You can write simple reference implementations (in mod tests) and test against them. They will also be useful in the future.

theotherphil commented 6 months ago

The chunks finding is interesting. This crate originally aimed to work on GenericImages but I gave up on that when the performance overhead was too high. Now that we know we’re working with image buffers we can probably find a few places where existing functions can be sped up.

As this PR doesn’t change any APIs and comes with a significant speedup I’d like to get his merged for the next release - @Morgane55440 let me know when you’re ready for this to be merged. We can always simplify or clarify implementations later if necessary.

cospectrum commented 6 months ago

If it works, then I can simplify/refactor later myself, after the merge

Morgane55440 commented 6 months ago

@theotherphil @cospectrum sorry for the wait was busy with life stuff. i finally got a decent optimization in, from 2x to almost 40x depending on the image and mask size/shape (the bigger the better the optimization)

i'm certain significant further improvements can be made, but i'm ok with shipping things as they are, except for the lines method which is a mess. i'm working on it.

also the apply method is now unused. i think it's possible it might be useful later although it seems unlikely because it's just a very slow way to do things. should i remove it ?

theotherphil commented 6 months ago

Brilliant, thanks. Yes, remove apply if it’s not used.

Morgane55440 commented 6 months ago

i have to say (working on lines amt), chunk_by is exactly what i need, that's really a shame. i'm on a good path to figuring out something good though

Morgane55440 commented 6 months ago

new benches for erode() and dilate() :

test morphology::benches::bench_grayscale_op_erode_big_image_diamond                  ... bench:   1,906,060 ns/iter (+/- 57,854)
test morphology::benches::bench_grayscale_op_erode_big_image_point                    ... bench:      71,312 ns/iter (+/- 28,722)
test morphology::benches::bench_grayscale_op_erode_medium_image_diamond               ... bench:     146,737 ns/iter (+/- 4,326)
test morphology::benches::bench_grayscale_op_erode_medium_image_large_square          ... bench:   8,119,980 ns/iter (+/- 1,010,798)
test morphology::benches::bench_grayscale_op_erode_medium_image_point                 ... bench:       4,376 ns/iter (+/- 3,639)
test morphology::benches::bench_grayscale_op_erode_small_image_diamond                ... bench:      42,703 ns/iter (+/- 3,684)
test morphology::benches::bench_grayscale_op_erode_small_image_large_square           ... bench:   1,232,370 ns/iter (+/- 361,772)
test morphology::benches::bench_grayscale_op_erode_small_image_point                  ... bench:       1,036 ns/iter (+/- 83)

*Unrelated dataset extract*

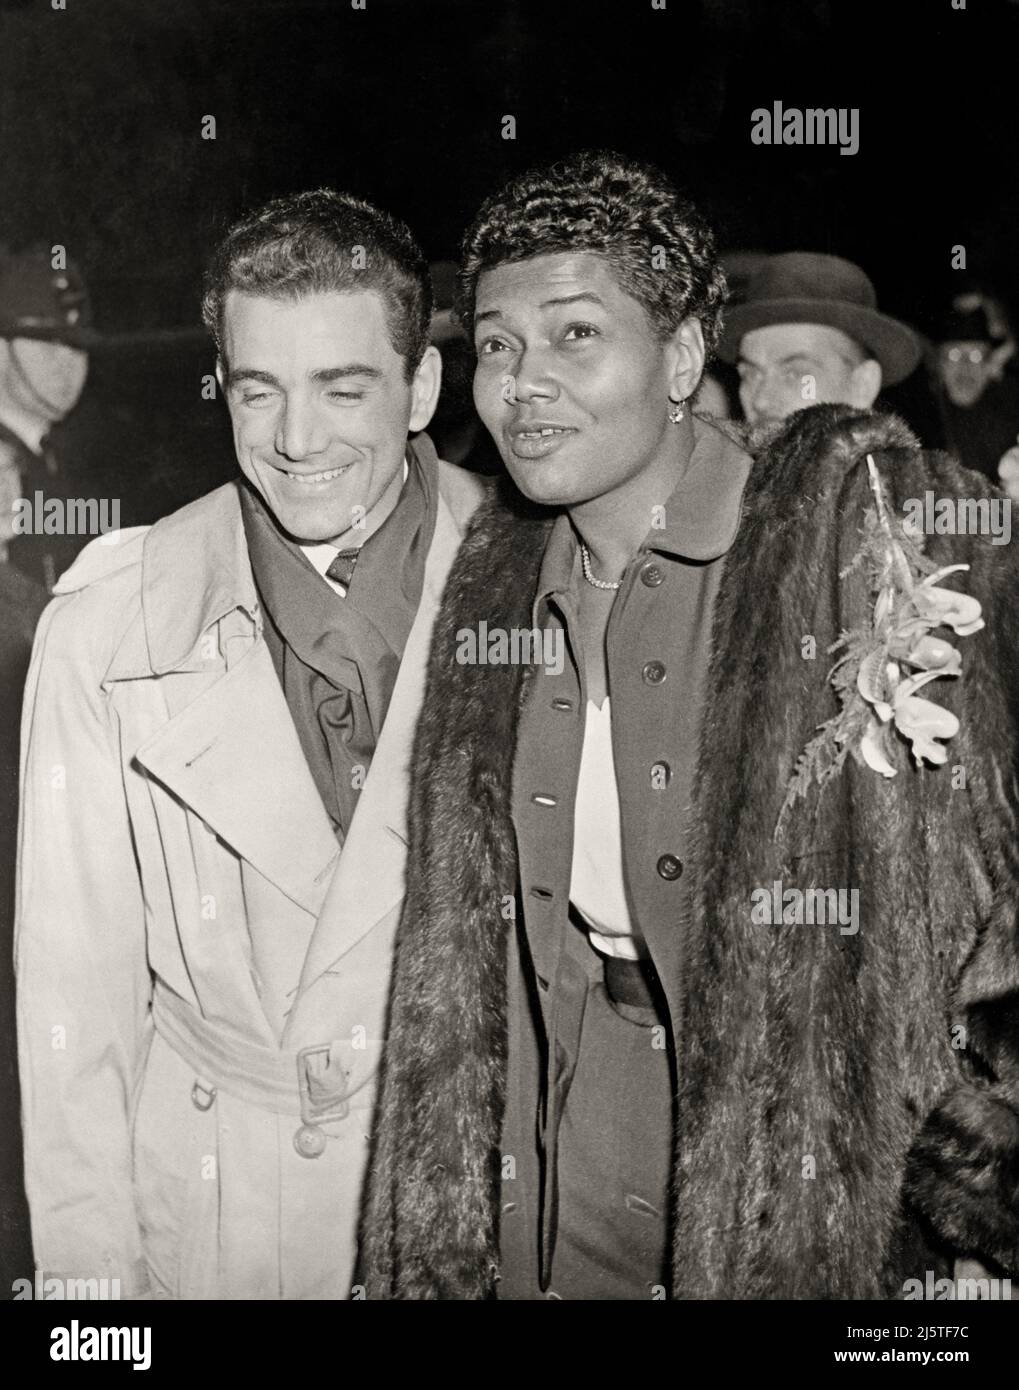 Schlagzeuger Louis Bellson Jr. und Sängerin Pearl Bailey nach ihrer Hochzeitszeremonie in London. 19. November 1952. Bild aus einem negativen 4 x 5-Zoll-Kopiervorgang. Stockfoto

test morphology::benches::bench_grayscale_op_dilate_big_image_diamond                 ... bench:   1,837,840 ns/iter (+/- 30,849)
test morphology::benches::bench_grayscale_op_dilate_big_image_point                   ... bench:      64,265 ns/iter (+/- 1,396)
test morphology::benches::bench_grayscale_op_dilate_medium_image_diamond              ... bench:     158,506 ns/iter (+/- 11,497)
test morphology::benches::bench_grayscale_op_dilate_medium_image_large_square         ... bench:   8,156,330 ns/iter (+/- 2,925,125)
test morphology::benches::bench_grayscale_op_dilate_medium_image_point                ... bench:       4,266 ns/iter (+/- 115)
test morphology::benches::bench_grayscale_op_dilate_small_image_diamond               ... bench:      41,219 ns/iter (+/- 777)
test morphology::benches::bench_grayscale_op_dilate_small_image_large_square          ... bench:   1,202,150 ns/iter (+/- 300,326)
test morphology::benches::bench_grayscale_op_dilate_small_image_point                 ... bench:       1,025 ns/iter (+/- 18)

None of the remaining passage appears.